I decided to not report her lateness to her parents this time, but I will most certainly keep tabs on it . . . it warrants close monitoring . . .

Anyway, during the lesson, I told her about the upcoming student recitals and I invited her to participate. I about fell out of my chair when she said she would like to participate. I never imagined she would actually be interested in performing! How neat!

So, we picked out two pieces for her to play in the recital . . . she picked a duet that she and I had played in a previous lesson – she wanted to know if I would play the duet with her in the recital – I said I would. Then, she also picked Ode to Joy by Beethoven, which she had not played before. We spent some of the lesson looking at the Beethoven piece, and she was able to play the right hand all the way through without a mistake . . . very slowly, but flawlessly. I was amazed!

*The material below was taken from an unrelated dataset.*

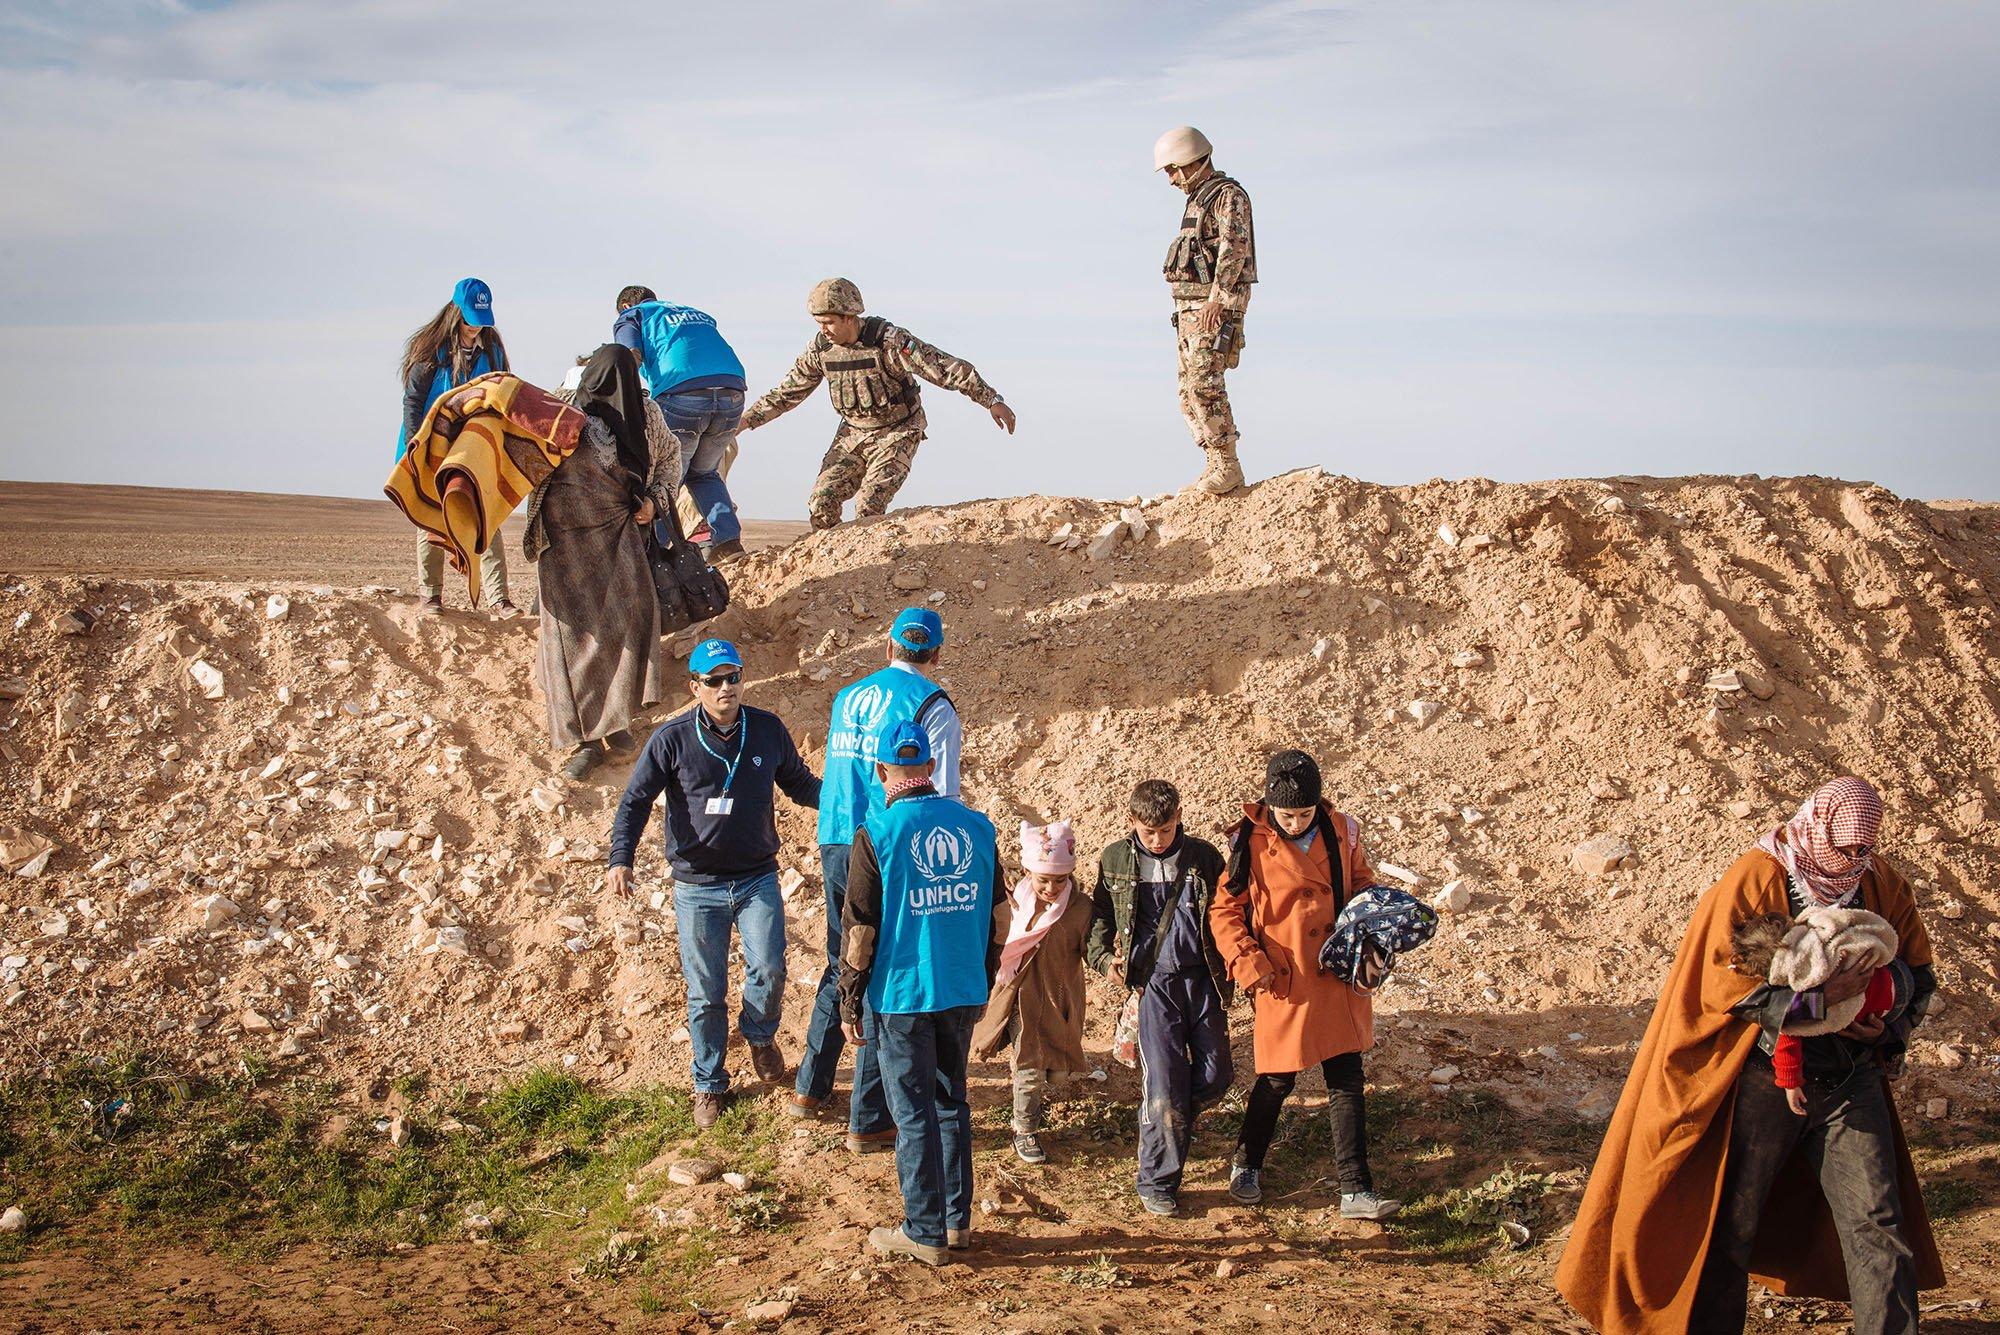 Syrian refugees walk the final metres across the desert toward the berm that marks the official Al-Ruwayshid Jordanian/Syrian border crossing. (UNHCR /J. Kohler)

Renee was so excited about the two pieces and about being in the recital . . . as she packed up to leave, she was beaming with excitement. Before she headed down the stairs to meet her step-mom, April, in the parking lot, she gave me a big hug . . . how neat . . .

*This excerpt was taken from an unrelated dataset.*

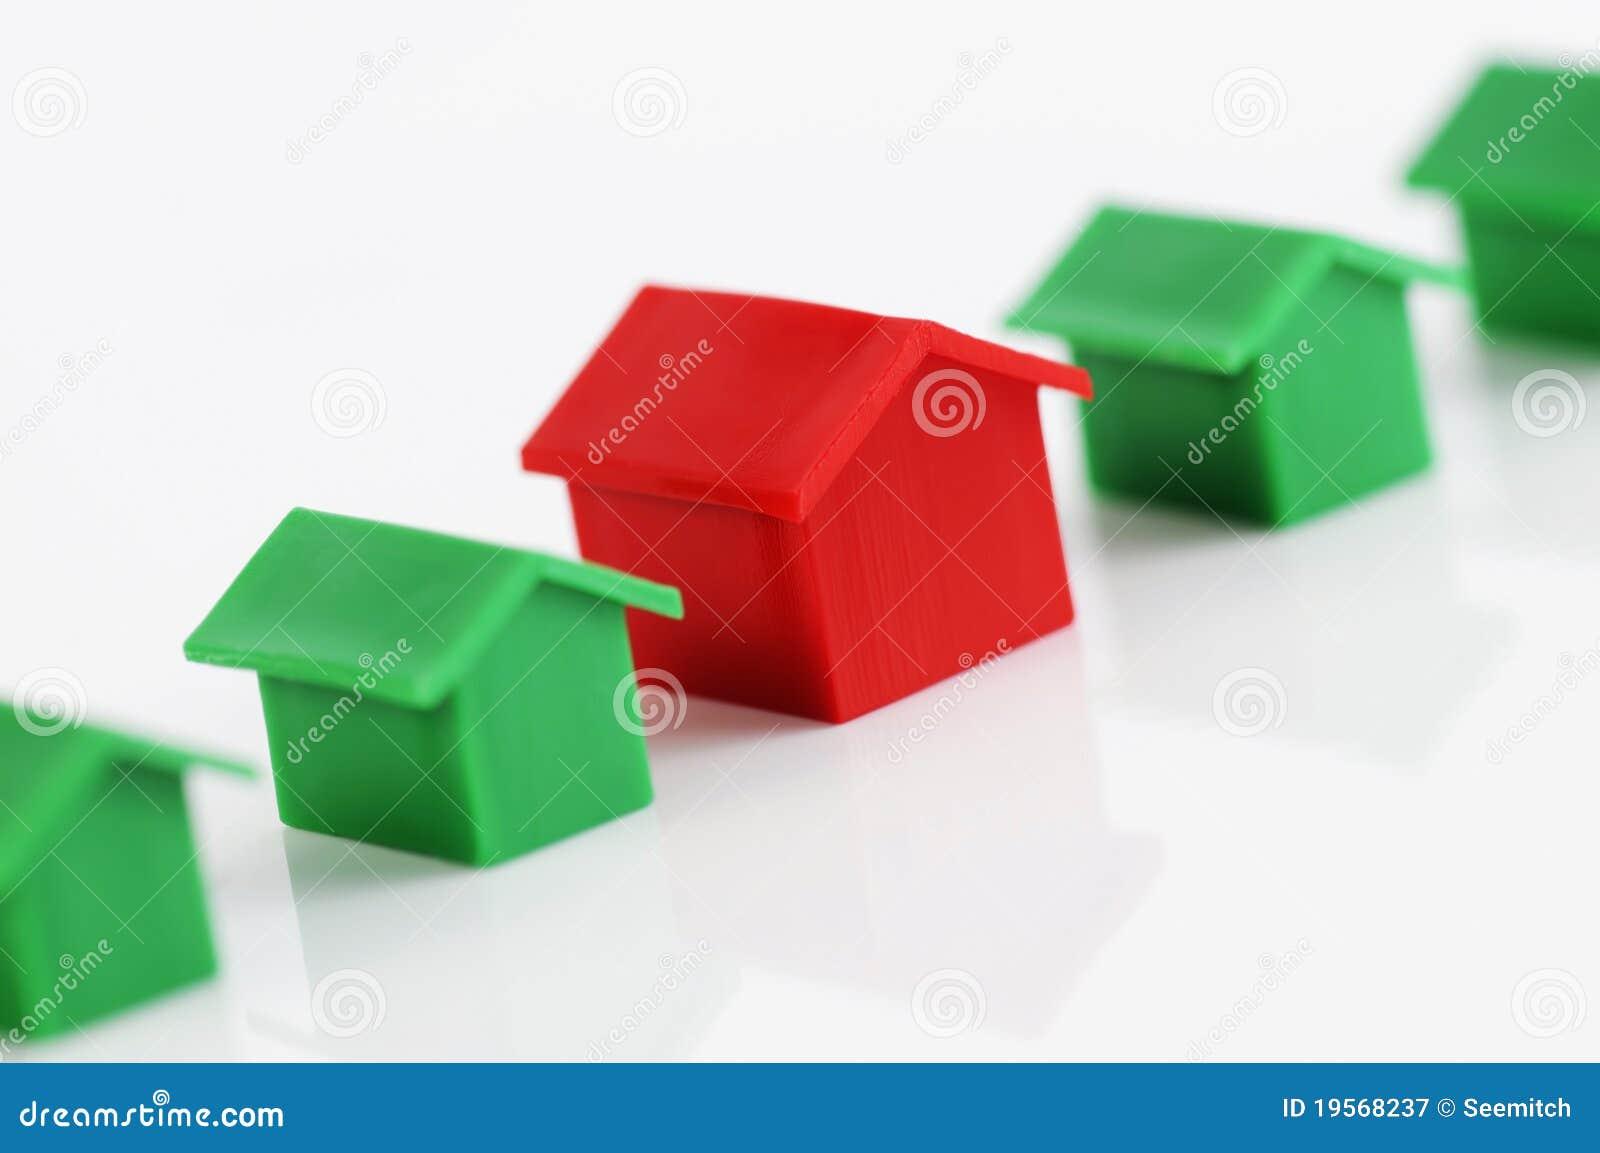 Row of model houses

I had another lesson with her this week . . . I was tickled when she showed up on time . . . that’s a good sign . . .

As soon as she got settled on the piano bench, I asked her how things were going with her grades, grounding, detention, etc. . . .

She said that she has been doing her homework and her grades are improving . . . and that her overall attitude is improving . . .

She said that she had pointed out to her dad and to April that her attitude was improving . . . that it has improved a lot since last year . . . her dad responded by asking her why she is still dressing Goth if her attitude was improving . . .

She explained to him that her style/color of clothing doesn’t necessarily reflect her attitude. I asked her to tell me more about that . . . I inquired if her clothes were more of a style thing (what she esthetically likes) or more of an expression of what is going on inside her. She said it was both.

I didn’t push her further on it . . . I just wanted to ask the question so that she might begin to think about the answer . . . thinking about the answer might have an impact on her attitude, her dress and/or her relationship with her parents. I figured my calling her attention to it surely couldn’t hurt anything.

I checked in with her on her feelings about being in the recital. She said she still really wants to do it, and she said that both her dad and her step-mom had asked her several times over the last week if she REALLY wants to do the recital. She kept assuring them that she did. She said she wants to invite both sets of parents/step-parents and her siblings, as well as her best friend. She said her best friend has never heard her play a “real” song and she wants her friend to see her play in the recital.

Since last week’s lesson, she had been practicing a lot . . . she was able to play both pieces, hands together. I was amazed. I told her that she is learning how to play so quickly, more quickly than most students. She was so tickled with knowing she was progressing so quickly that she told April about it when she came into the studio towards the end of the lesson. I like that April made a big deal of it . . . she gave her lots of energetic praise for doing so well.

I keep thinking about her playing in the recital . . . what it would be like for her dad to see her do something constructive and uplifting? What it would be like for her dad to acknowledge her progress and her success? I think that could be healing for both of them.

Thinking about that brings tears to my eyes . . . yikes . . . if I’m this emotional six weeks before the event, how big of a mess will I be at the actual recital?

I guess it doesn’t really matter, does it . . . ?? It’s not about me.